### Aim of the task
Further down are entries; set down exactly and only the lines from the one with "北京劳动保障职业学院2021年高端技术技能人才贯通培养项目招生简章发布" up to and including the one with "Former Bishop Gorman QB sparks win for UCLA", dropping each picture.

### Data provided
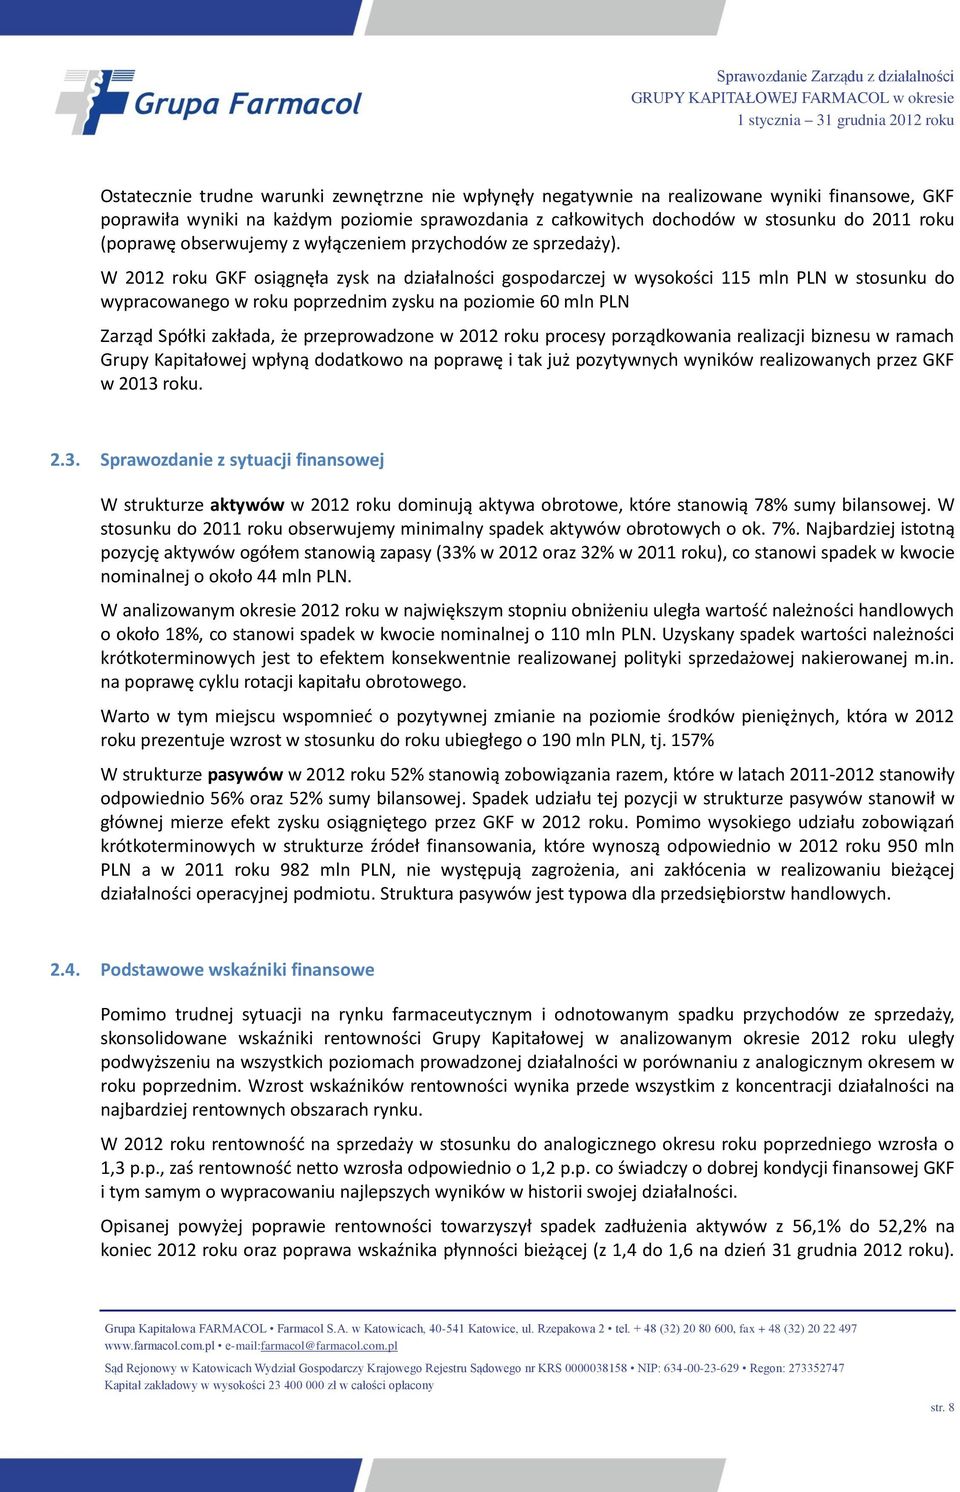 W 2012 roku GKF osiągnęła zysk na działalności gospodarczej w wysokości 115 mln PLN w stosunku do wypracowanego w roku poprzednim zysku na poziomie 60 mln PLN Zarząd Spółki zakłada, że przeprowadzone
==
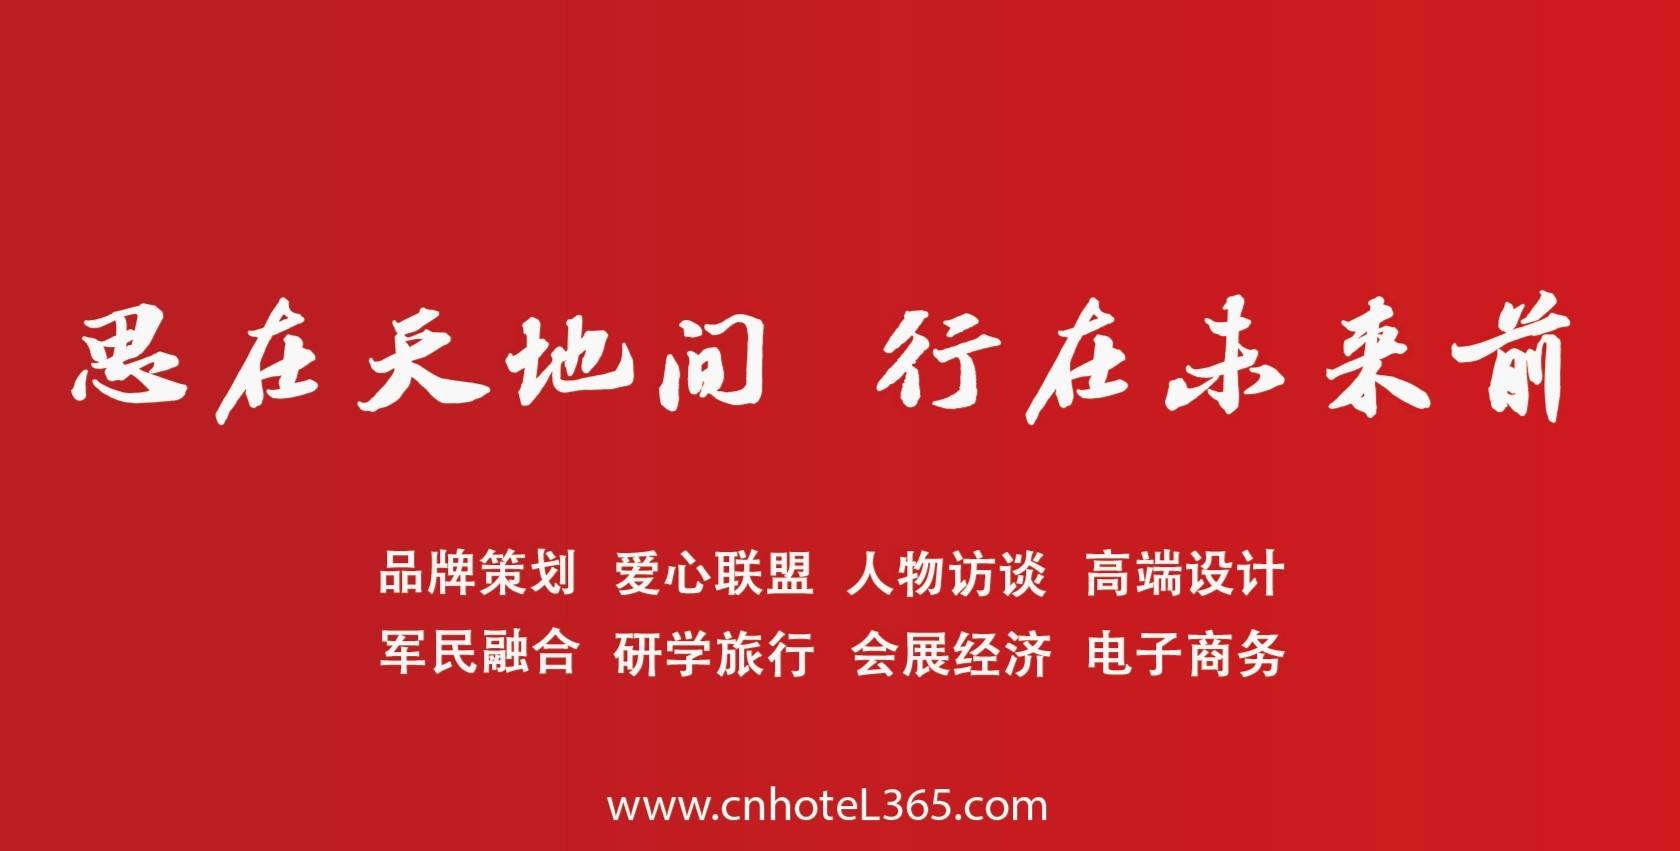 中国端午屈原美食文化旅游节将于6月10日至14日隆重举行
==
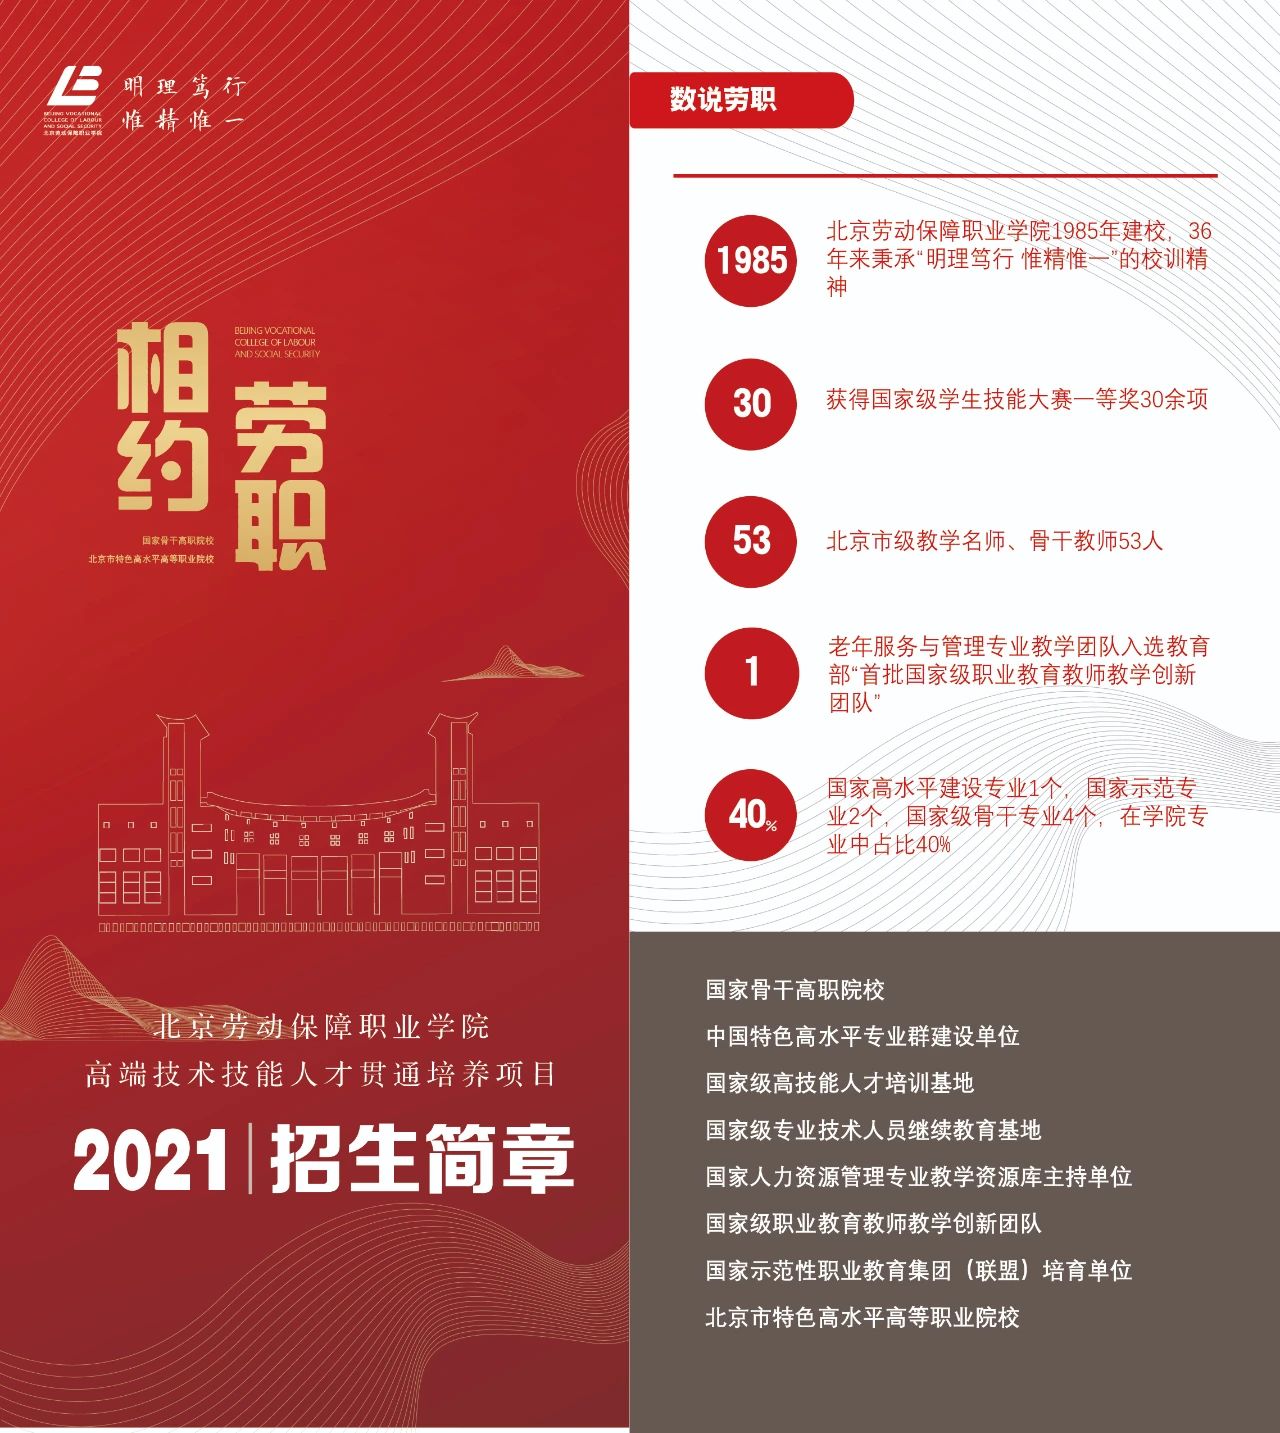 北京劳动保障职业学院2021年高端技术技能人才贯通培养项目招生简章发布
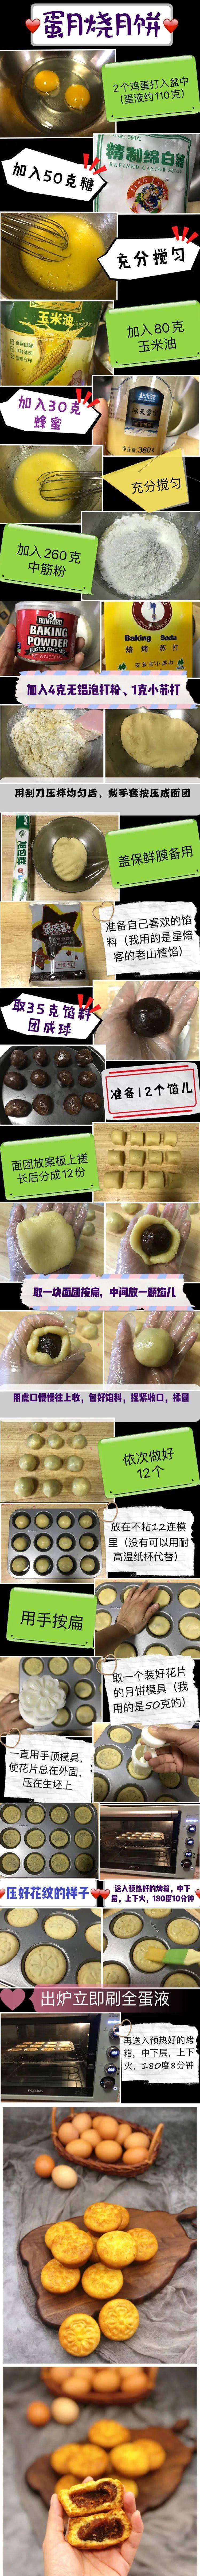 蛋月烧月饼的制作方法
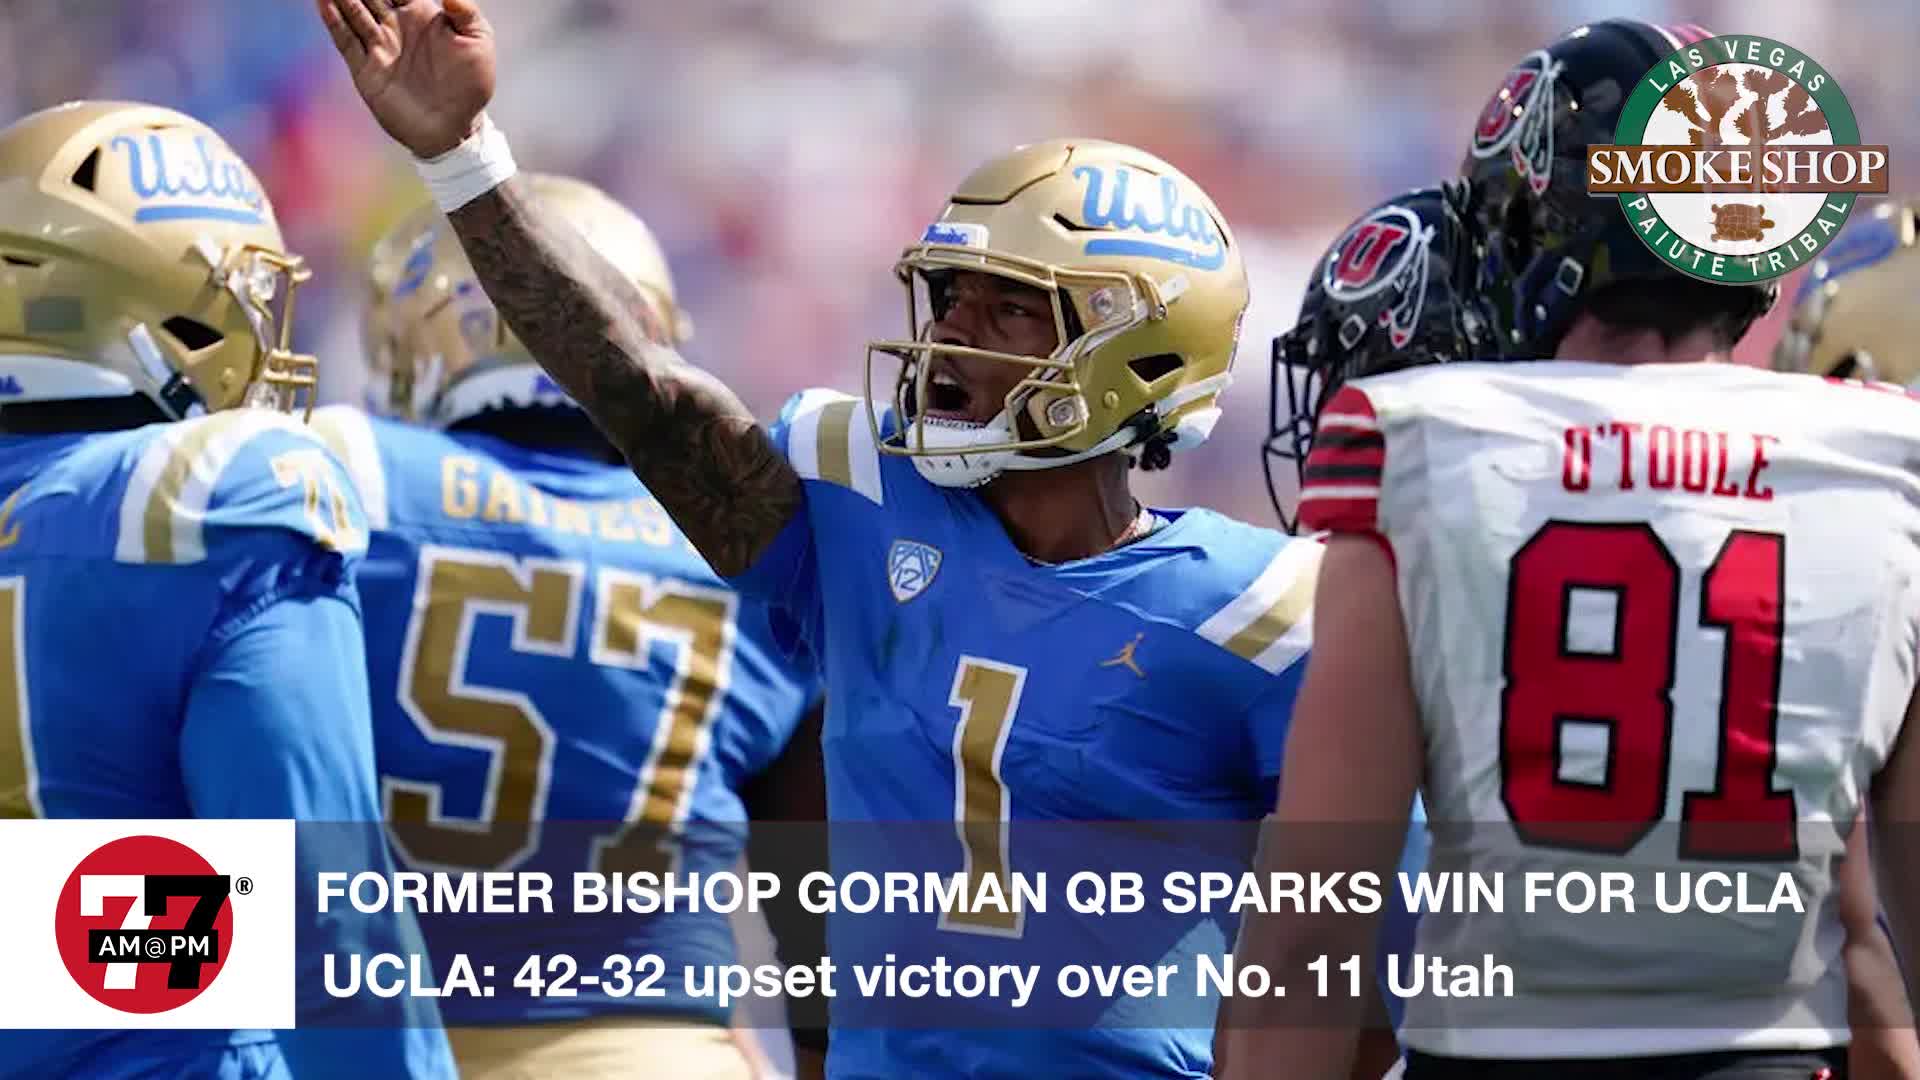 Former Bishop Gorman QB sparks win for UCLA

### Your solution
 北京劳动保障职业学院2021年高端技术技能人才贯通培养项目招生简章发布
 蛋月烧月饼的制作方法
 Former Bishop Gorman QB sparks win for UCLA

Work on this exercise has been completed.